I want to live in that constant state of thanksgiving. I am surrounded by people, constantly, and I know that they do appreciate and love me, somehow. And I thank God for that. However, there is a kind of love that transform people, a faithful love, an appreciating one, one that is filled with warmth and of someone being interested in your life. And I have once felt that 8 years ago, when a very good friend of mine invited me to my first ever Christmas dinner with her family. It’s the first time I felt loved, and later on in 2014, when my spiritual Mother brought me out for lunch, to love and know me. This people are God-given gifts to me. And this love from them has sustained me. I prayed to God for another encounter like this, because a love like this has made me seen God again and again, in physical form. To love is to see the face of God. And God heard me. I have never been so surprised in my life on my birthday, by someone whom I know have loved me. More than that, I don’t even remember the time that someone would make their day free among their busy-ness just to bring me out for lunch and love me. I had the best birthday ever. This kind of love just made me tear, because it is just a reminder of God’s love and favour in my life, a reminder that I am His princess. A love that constantly pray, and forgives me even though there were times I am not being nice.

So thank you Papa Johnny, Mama Jessica, Abi & Moses, for loving me, making sure I was happy, giving me the most important gift on my birthday, which is your time. You put in me a larger heart, a greater capacity to love and understand, and a heart of constant thankfulness, because you have shown me first, what a Godly family is, and it gives me a renewed hope that one day, when I have my own family, it will be possible to live like this. Serving God, joking around, sleeping on the same bed, and most importantly going out to preach to the world together. 

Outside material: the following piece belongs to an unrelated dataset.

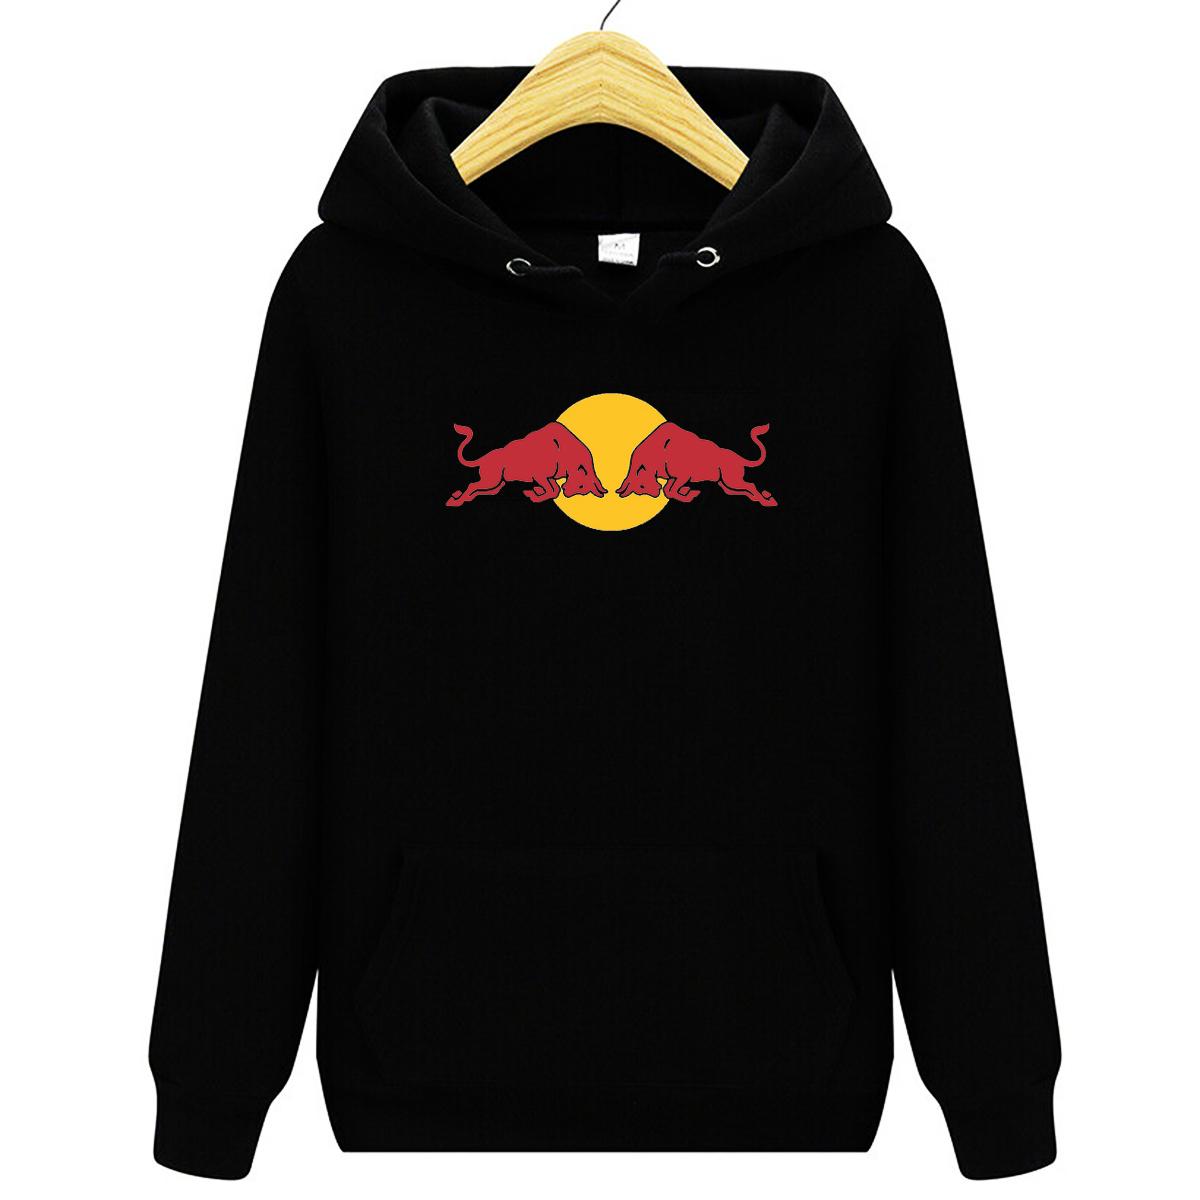 紅牛 Red Bull 男士衛衣,連帽衫,長袖T恤,套頭衫,男士純棉外套,秋冬季時尚休閒風衣 -H91

This trip has been an amazing one. Serving God may have hardship, but when I stood with the team in one accord, keeping the joy of the Lord our strength, His love has sustain me, sustain us. God is faithful to the dream of a ten year old little girl who did not know Him. 13 years have passed, and when this vision unfolded right before me, reminding me that God is still the same as He has always been. And like Queen Esther has said, could it be that I was born for a time such as this? At the end of my journey, I want to say that,” I have lived for Jesus”. Faith has make a fool of what make sense, I thought it made sense to count what I am able to give, before giving to others, but faith taught me otherwise. It is okay to give, because all that I need to do His work, is ready for me to claim it. Grace has found my heart when logic end, and in that logical mind of mine, I thought that love comes with condition, but grace has shown me otherwise. His agape love has no conditions. Jesus would have come even if it’s for just one of me. And He sent Himself down for a sinner like me. What heart could hold the weight of His love. Thank You, J. Here I stand, arm high and heart abandoned, in awe of the One who gave it all for me.